RECORDS FOR THIS EXERCISE Block Start
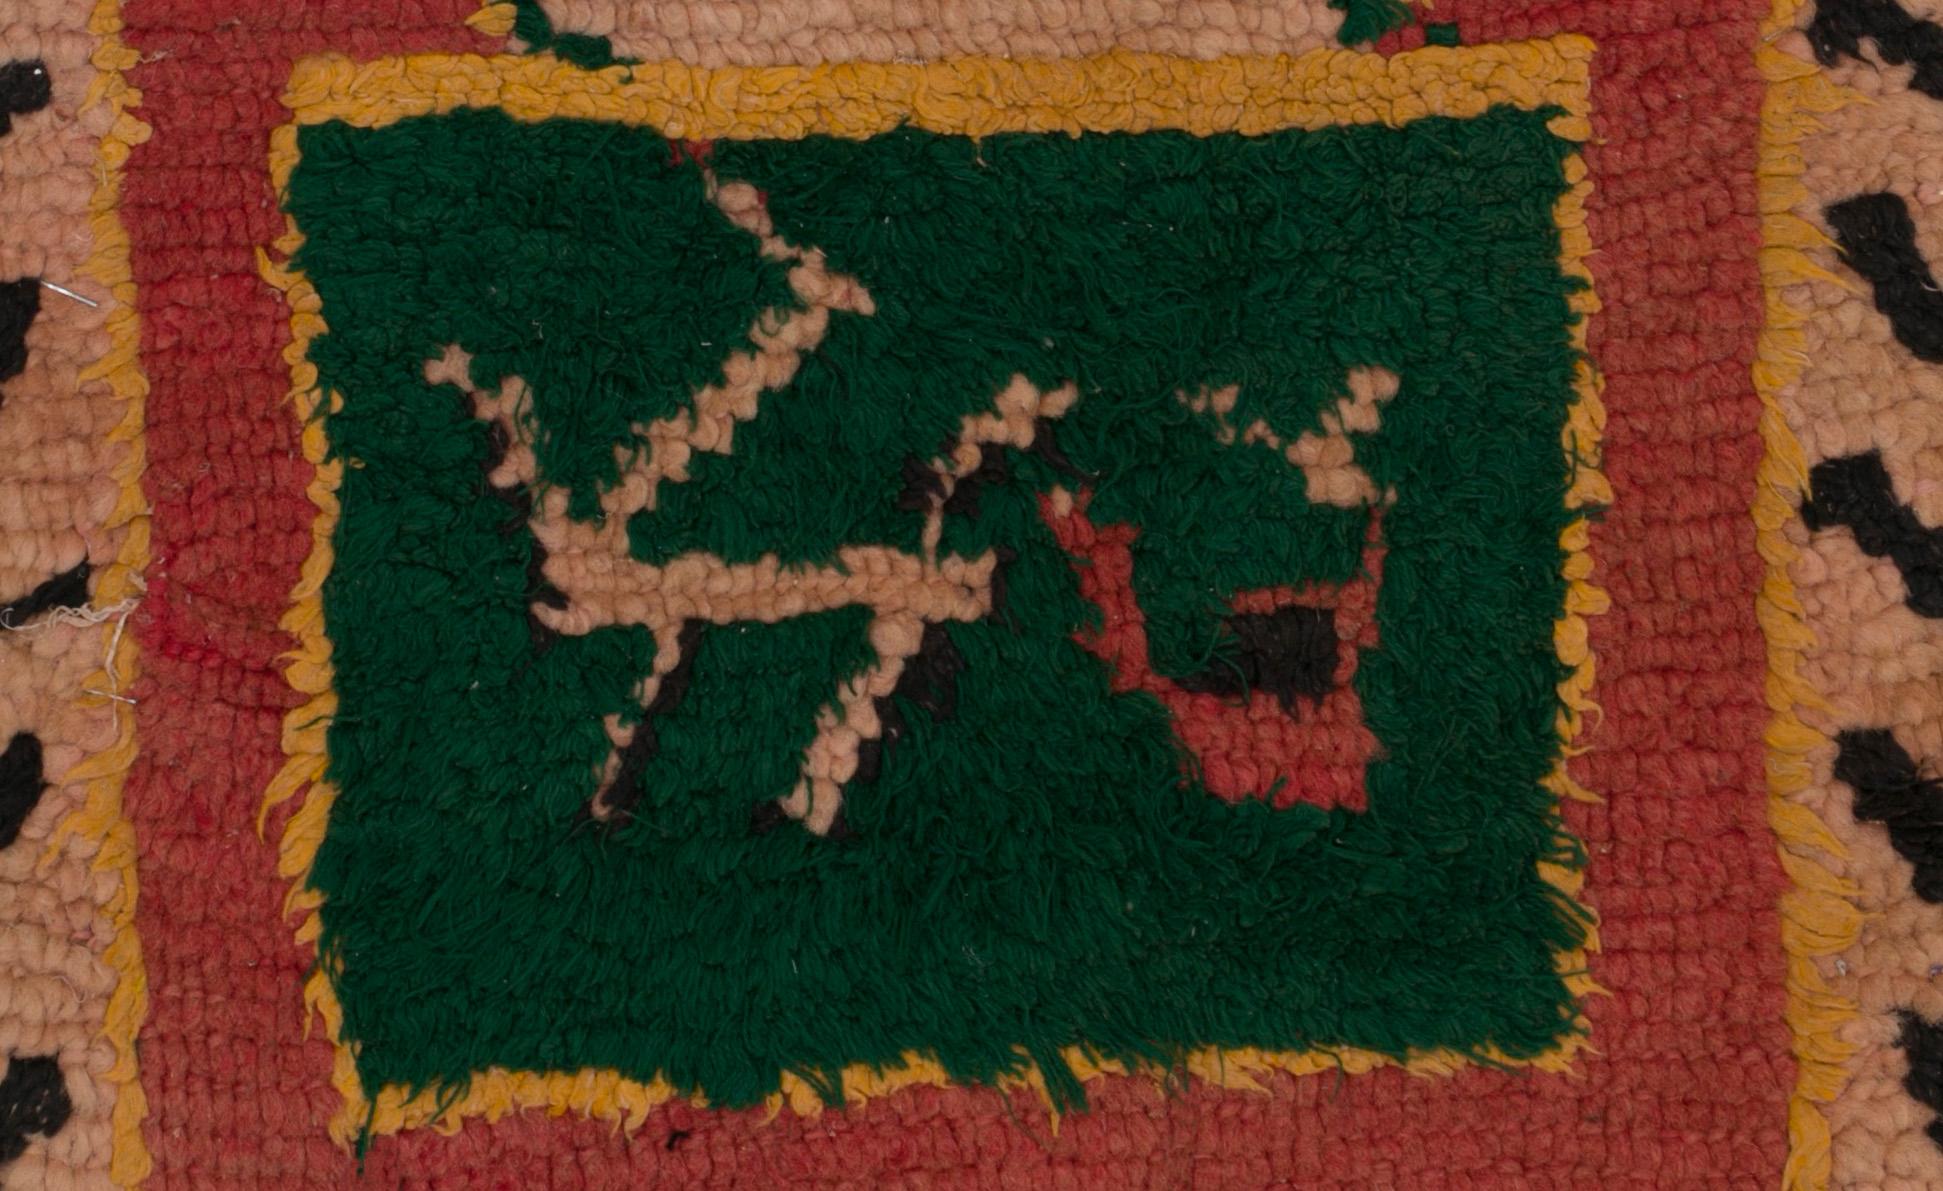 Typical design and experience for this vintage tapestry was by Berber women from the Atlas Mountains.
Made from woolen ends and other threads, embroidered on wasted plastic bags of cereals, this unique and vintage work is the demonstration of the
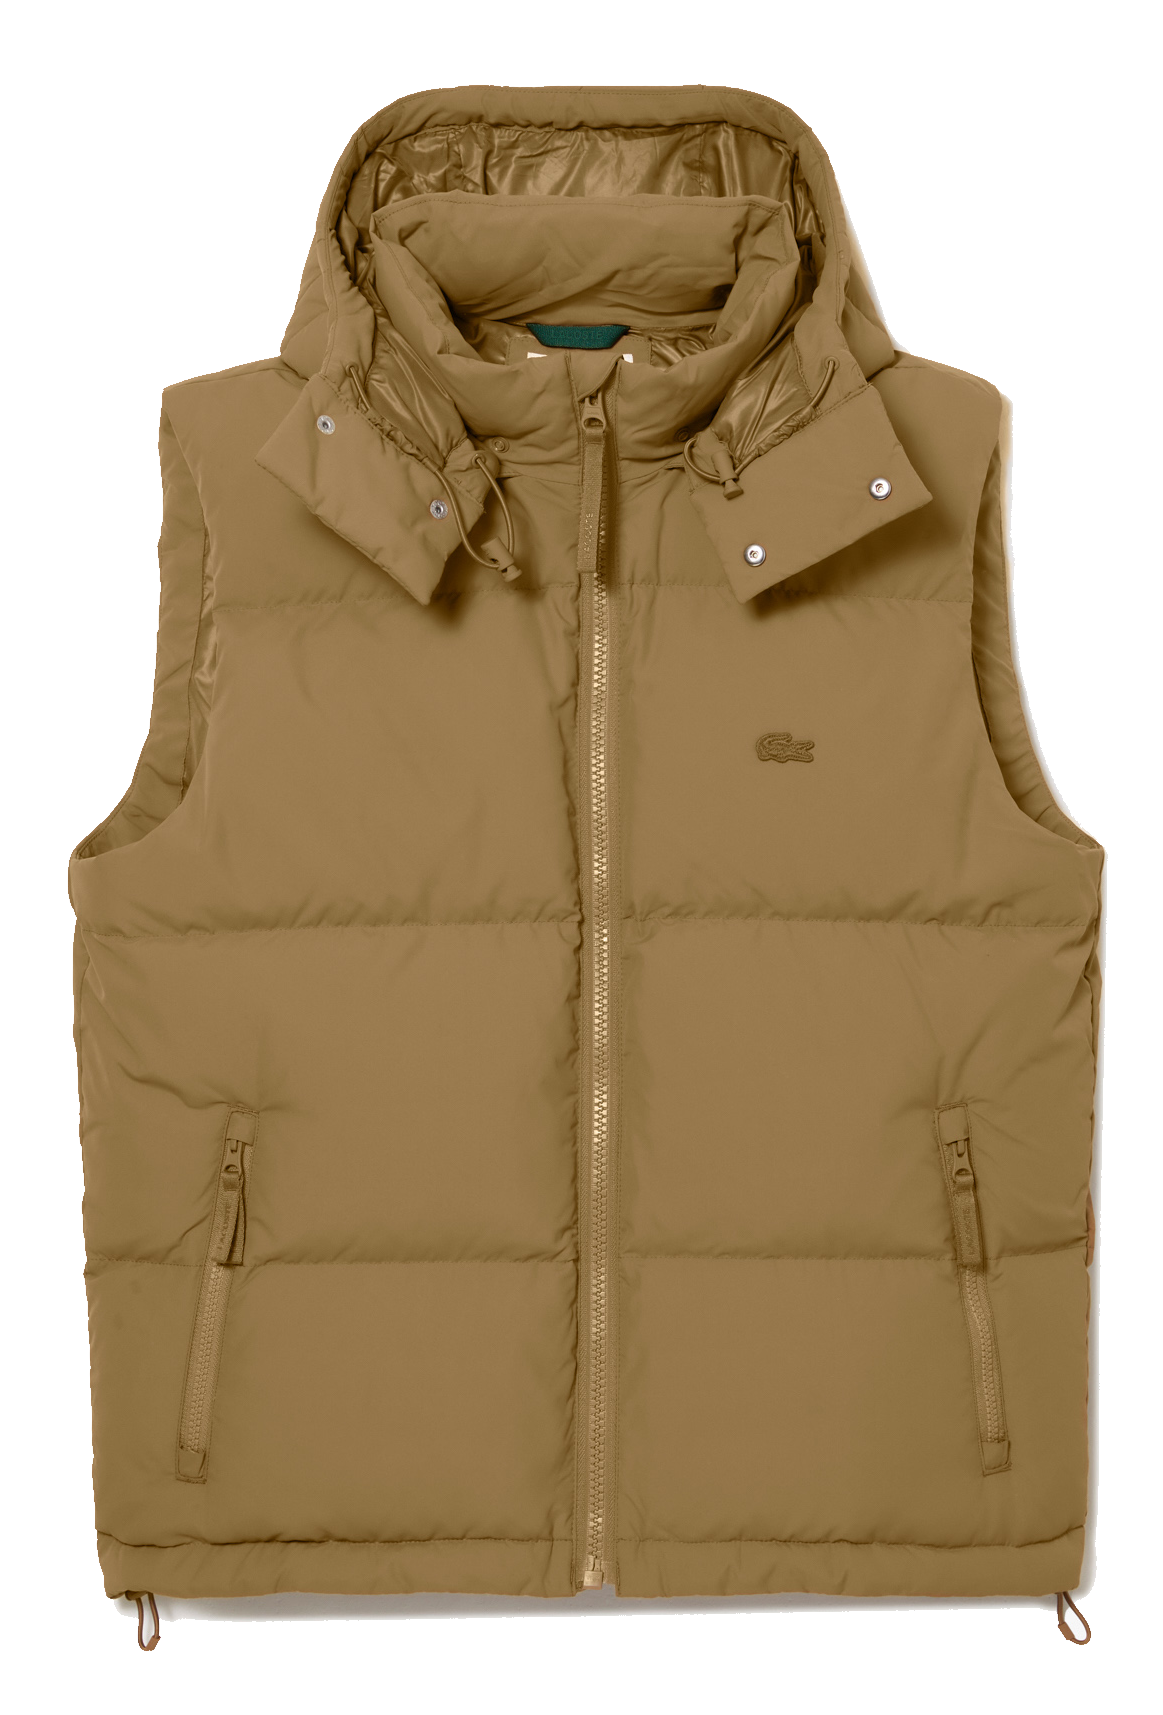 Lacoste Lacoste Padded Down Vest Crocodile Brown
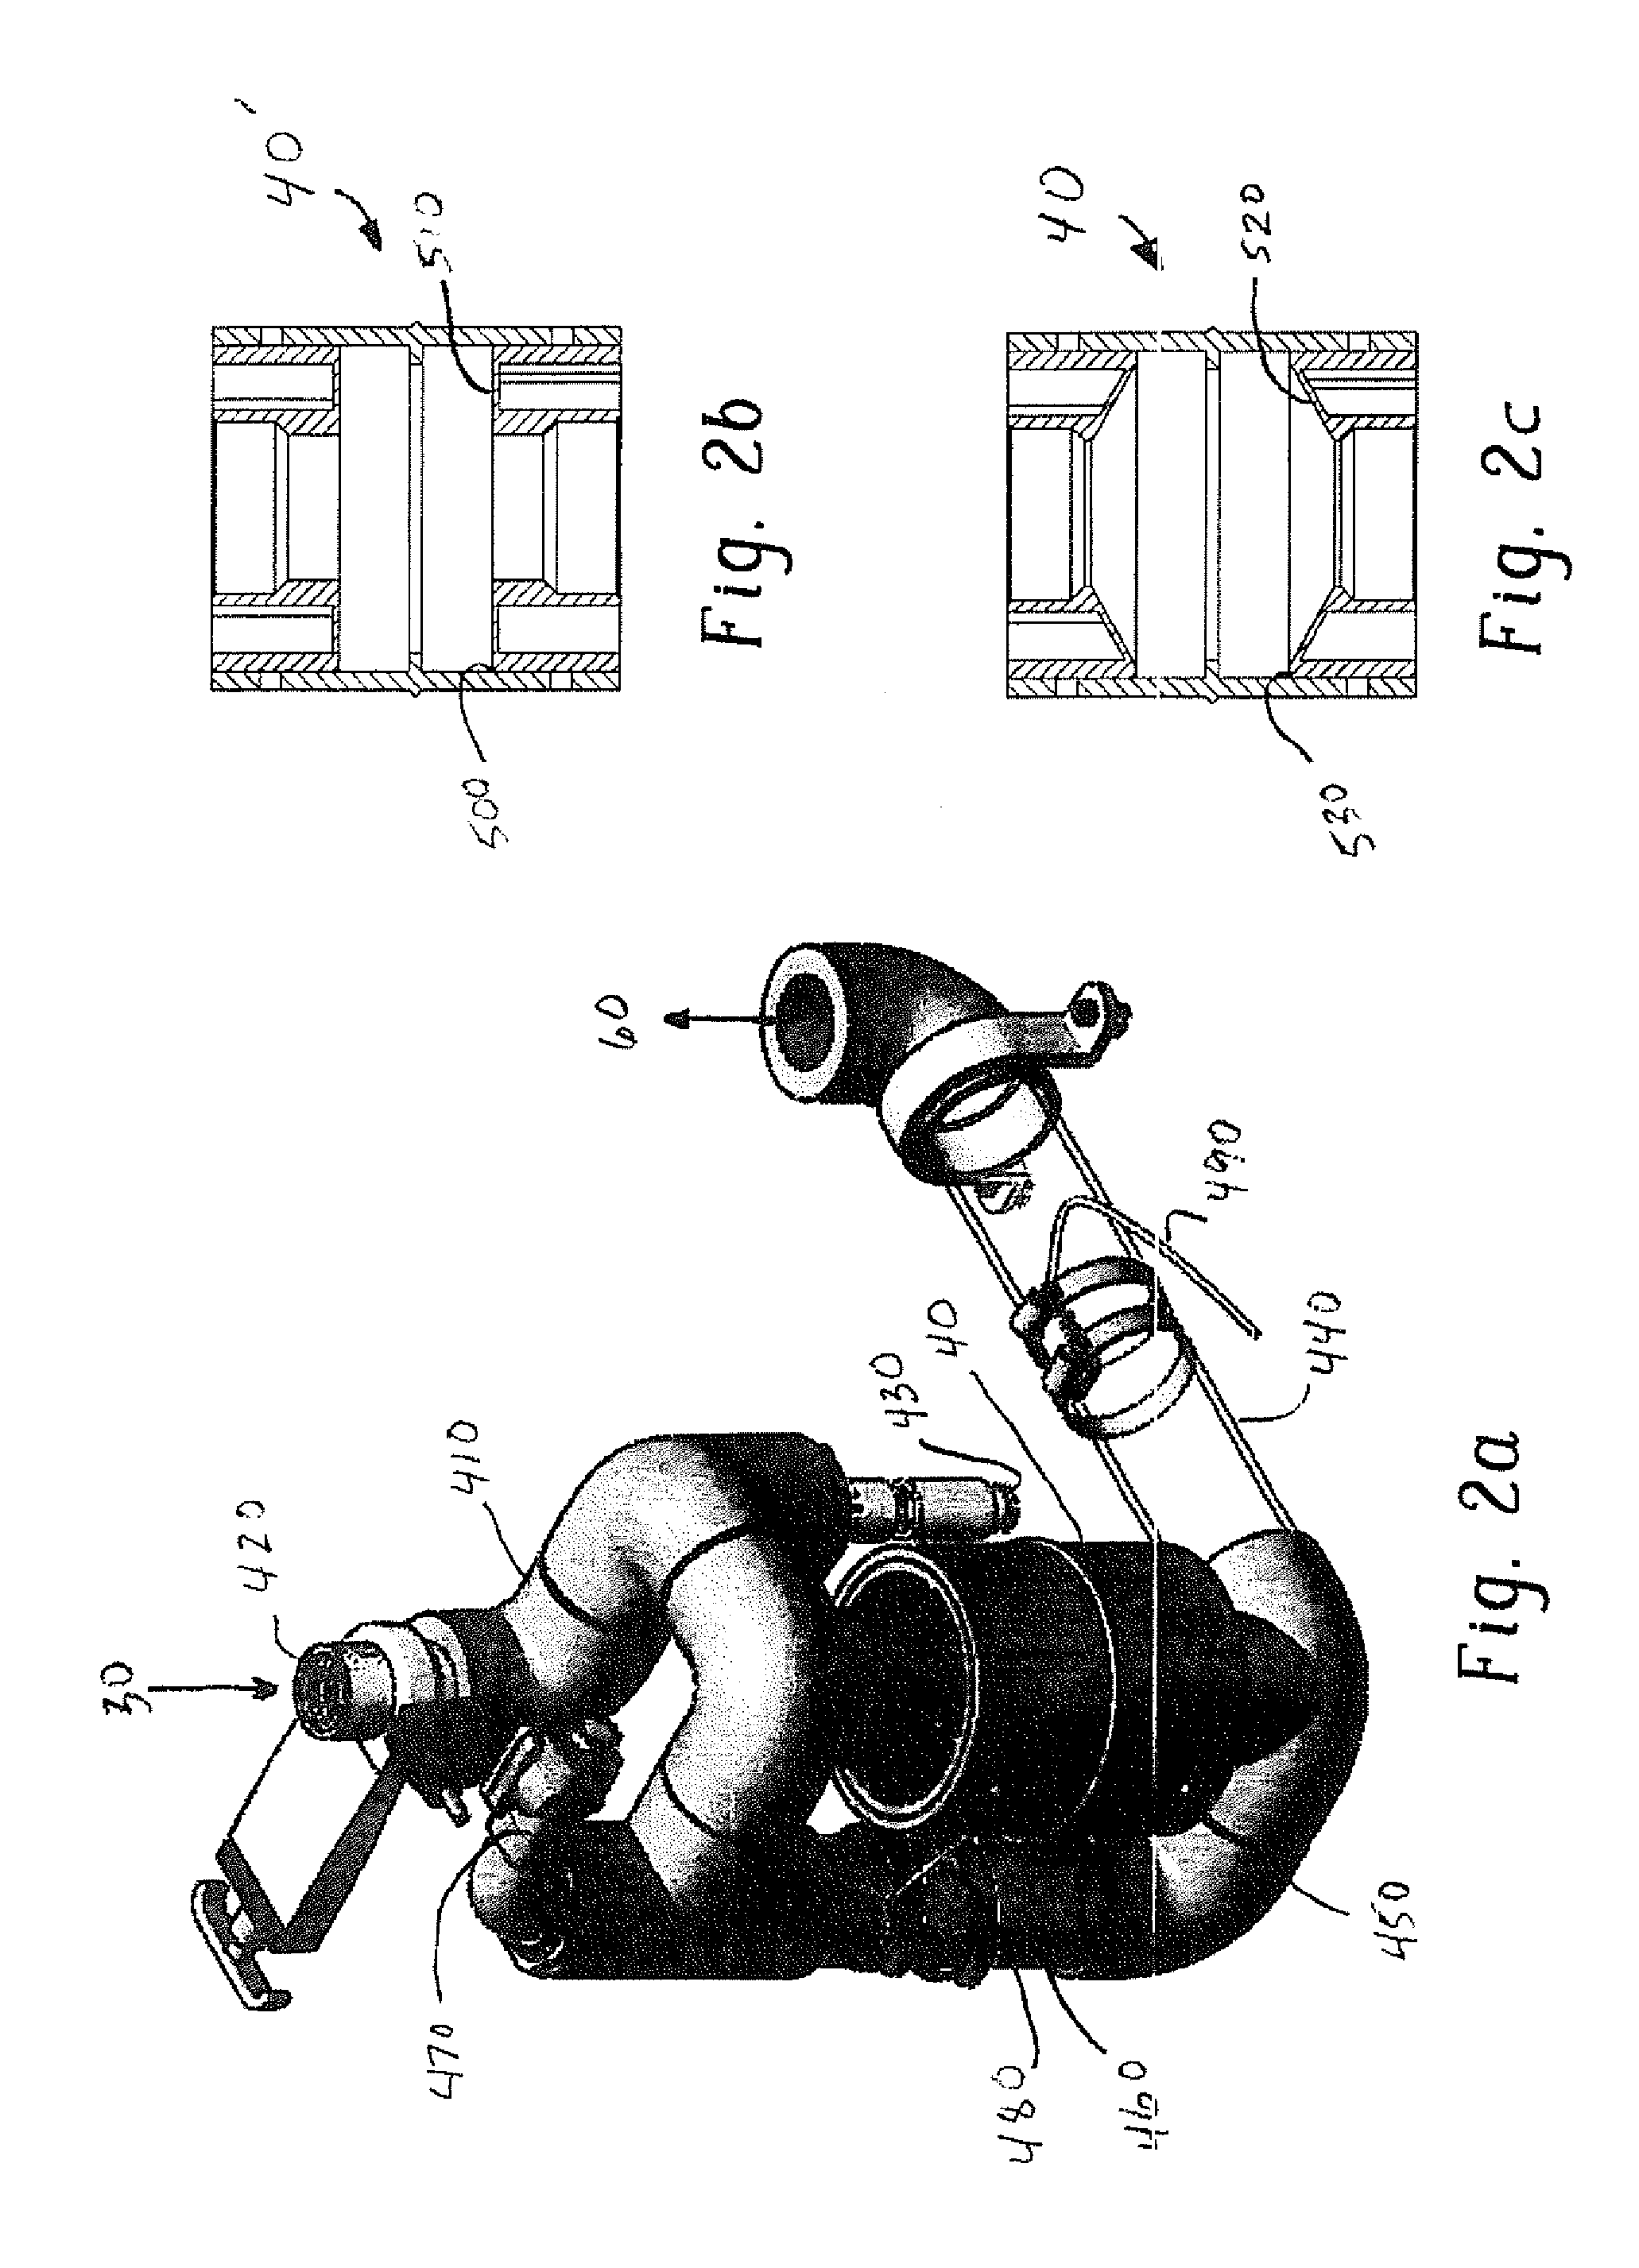 Improved, low viscosity, shelf stable, energy-actiivated compositions, equipment, sytems and methods for producing same
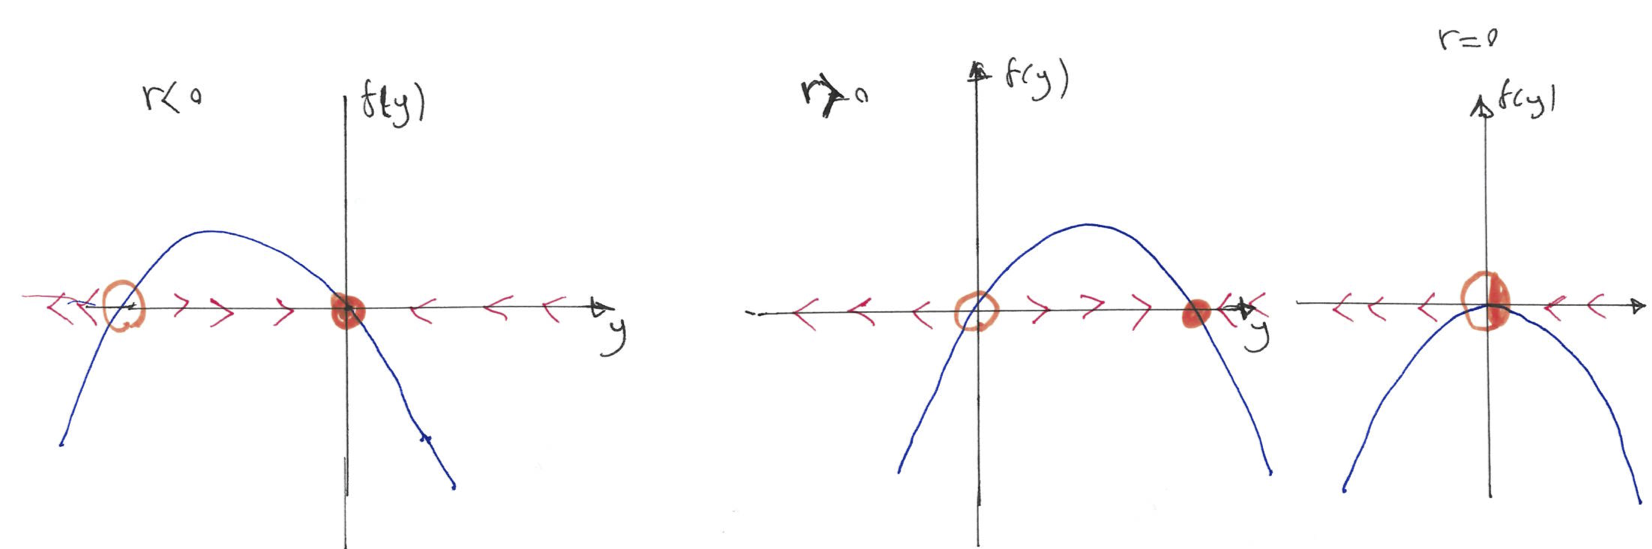 The plot of $f(y)$ vs $y$ for different values of $r$, illustrates the vector field and the stability of the fixed point for transcritical bifurcation.
RECORDS FOR THIS EXERCISE Block End
• **HOW TO COMPLETE THIS TASK**:
Leave every picture out and write out exactly the lines from the line with "Made from woolen" through the last line of the material.

• **RESPONSE FOR THIS EXERCISE**:
Made from woolen ends and other threads, embroidered on wasted plastic bags of cereals, this unique and vintage work is the demonstration of the
 Lacoste Lacoste Padded Down Vest Crocodile Brown
 Improved, low viscosity, shelf stable, energy-actiivated compositions, equipment, sytems and methods for producing same
 The plot of $f(y)$ vs $y$ for different values of $r$, illustrates the vector field and the stability of the fixed point for transcritical bifurcation.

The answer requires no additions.